PROBLEM TO BE SOLVED: To provide a coil winding device and a winding method thereof capable of manufacturing a continuous coil with good workability, at low cost, and with compactness. SOLUTION: This coil winding device 1 is roughly constituted of a winding device main body 2, a main shaft part 3, a polygonal column-shaped coil element retaining part 4, a winding part 5, and a wire feeding part 6. The main shaft part 3 is provided freely rotating relative to the winding device main body 2, with the coil element retaining part 4 and the winding part 5 mounted on the main shaft part 3. A wire is wound on a coil element C, by feeding a wire material L from the wire feeding part 6 and moreover rotating the coil element C mounted on the winding part 5. After the completion of winding on the coil element C, it is removed from the winding part 5 and fixed on the side of the coil element holding part 4. At this time, the wire material L is not cut.

Description

DETAILED DESCRIPTION OF THE INVENTION

[0001]

BACKGROUND OF THE INVENTION 1. Field of the Invention The present invention relates to a coil winding device for manufacturing a coil which is a component of a linear motor or the like and a method of winding the coil.

[0002]

2. Description of the Related Art It is needless to say that coils are widely used in various electronic devices as a representative element constituting an electric circuit, but recently, in particular, the use of coils as components of a linear motor has been improved. With the start of providing permanent magnets, it has been widely implemented. As such a coil, for example, a coil as shown in FIGS. 5A and 5B is used. That is, this is the number of coils P
1, P2,... Are continuously connected via a connection portion Q (hereinafter, this is referred to as a "continuous coil").
, And a current is applied to the coils P1, P2,... In the direction in which the coils P1, P2,. A thrust is generated.

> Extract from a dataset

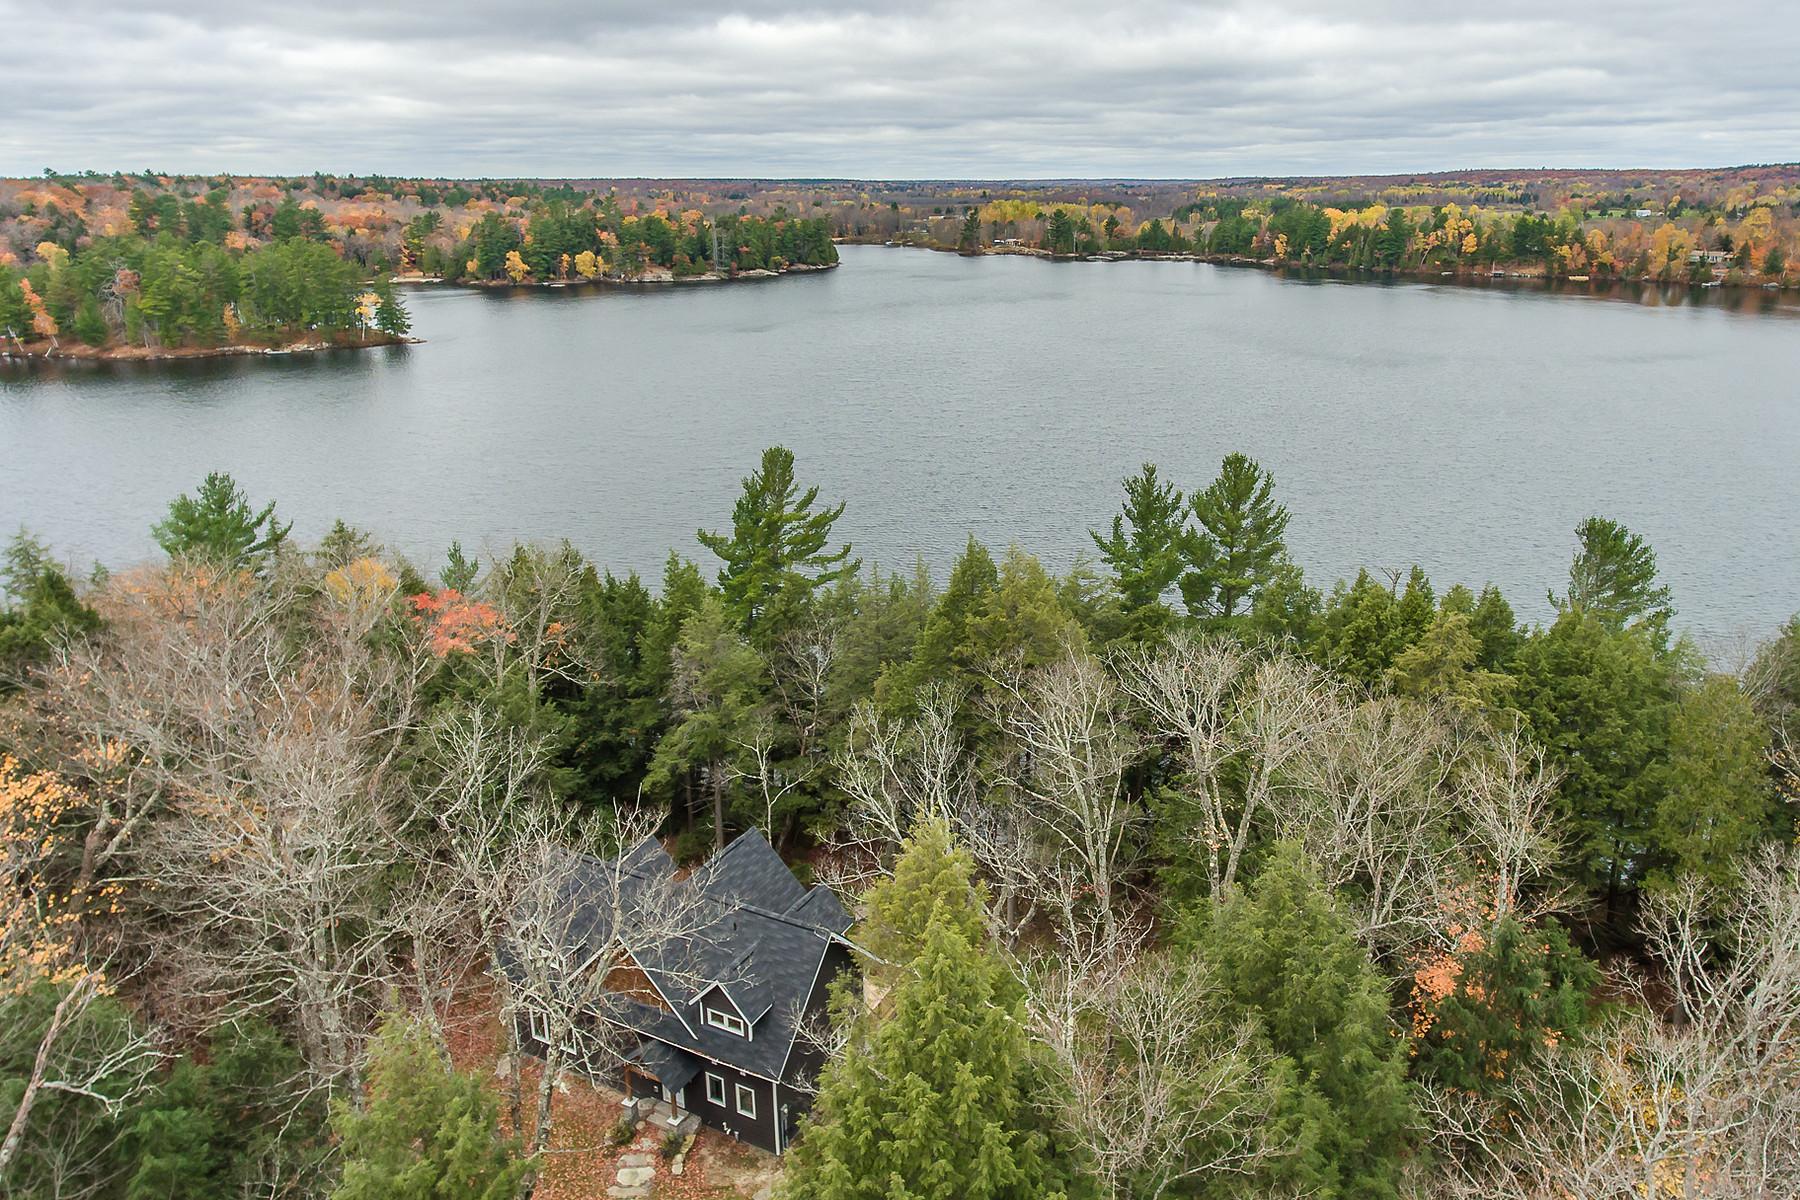 Другая жилая недвижимость для того Продажа на Waterfront Lot-330' shoreline Lot 8 Lake Ridge Rd, Muskoka, Онтарио, P2A 2W8 Канада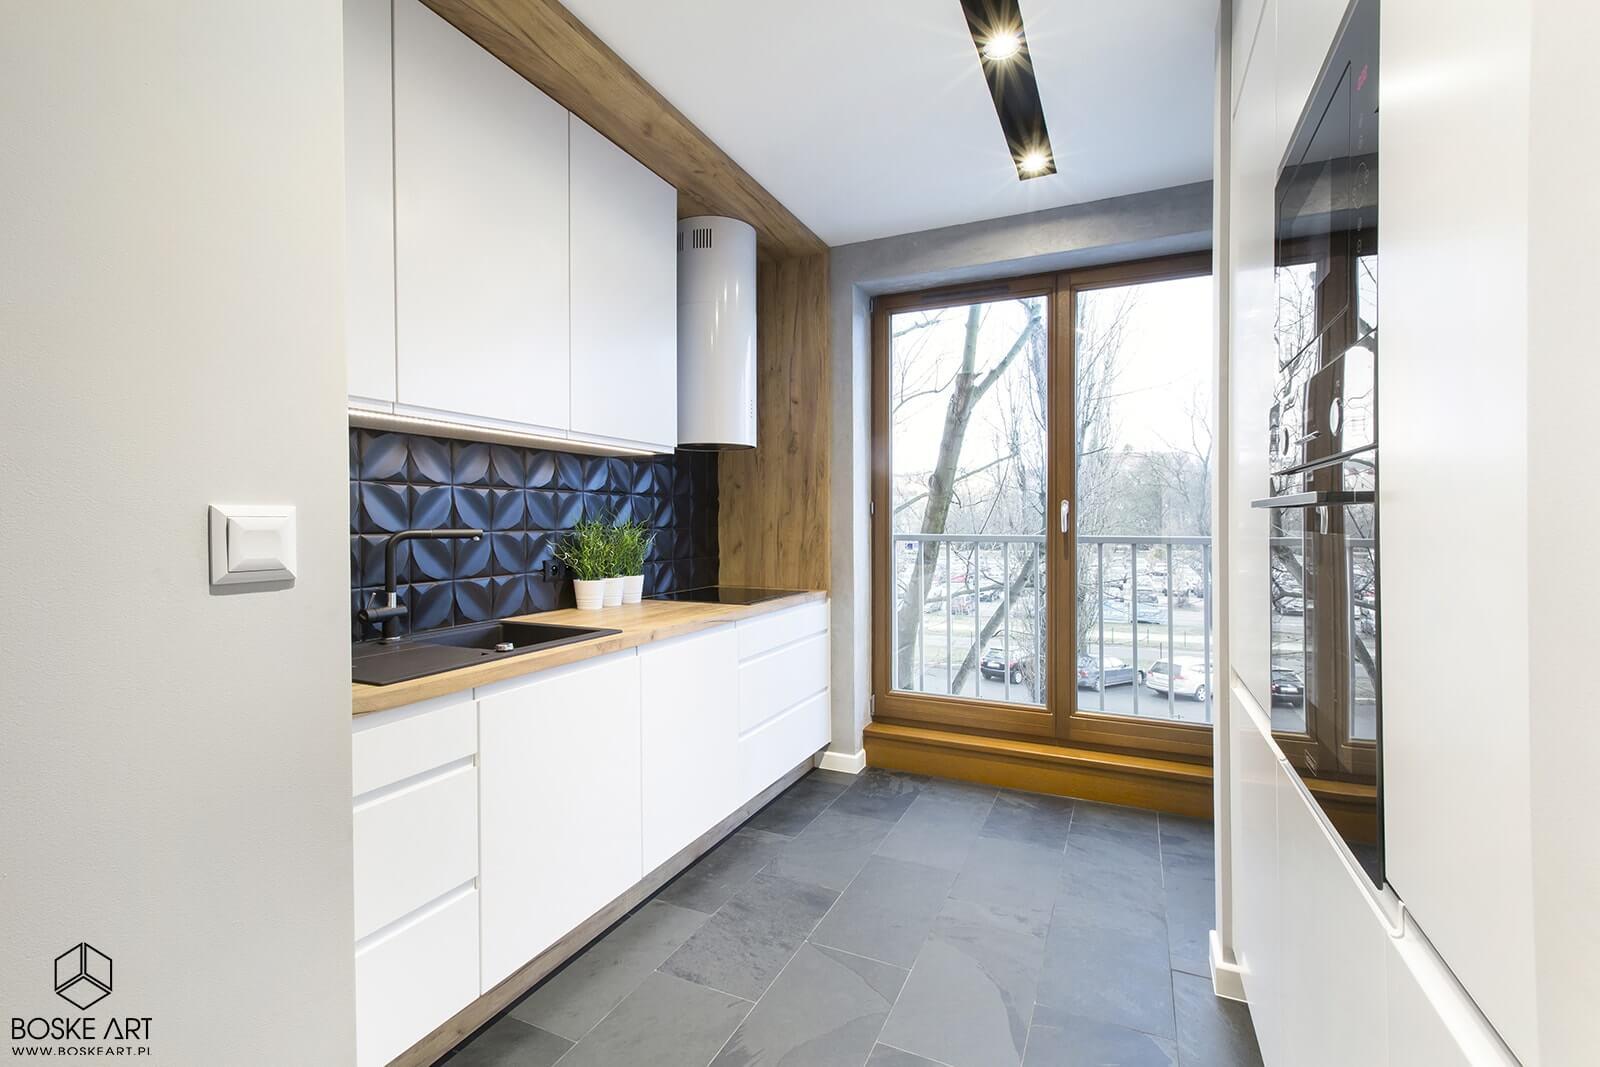 1_apartamenty_na_wynajem_poznan_boske_art_projektowanie_aranzacja_architektura_wnetrz_natalia_robaszkeiwicz-min

For manufacturing such a continuous coil, for example, a coil winding device as shown in FIG. 6 has been used. This coil winding device is provided on a winding device main body 2, a main shaft portion 3 rotatable by a rotation drive source (not shown) provided on the winding device main body 2, and a tip of the main shaft portion 3. It is schematically configured by a winding part 5 and a wire rod supply part 6. The wire rod is wound around the coil element C by supplying the wire rod L from the wire rod supply unit 6 and by rotating the coil element C attached to the coil unit 5 together. According to this, first, coils are manufactured one by one, and thereafter, by applying connection means typified by soldering to each other's coils, continuously connected coils, that is, continuous coils are manufactured. (See FIG. 5).

[0004]

However, the above-mentioned conventional method has the following problems when connecting each coil. Now, considering, for example, the case where soldering is employed as the connection means, in order to carry out the soldering, it is first necessary to remove the insulating film from the connection portion. Further, after the soldering is completed, an insulation treatment for the connection portion is required. In other words, the production efficiency is very poor due to the multiple steps involved in the connection work,
Alternatively, there has been a problem that a considerable amount of labor is required and the production cost is large. In addition, the fact that a plurality of work steps are involved has a problem in terms of securing the reliability of a completed product. It goes without saying that these problems become more serious as the number of connected coils increases.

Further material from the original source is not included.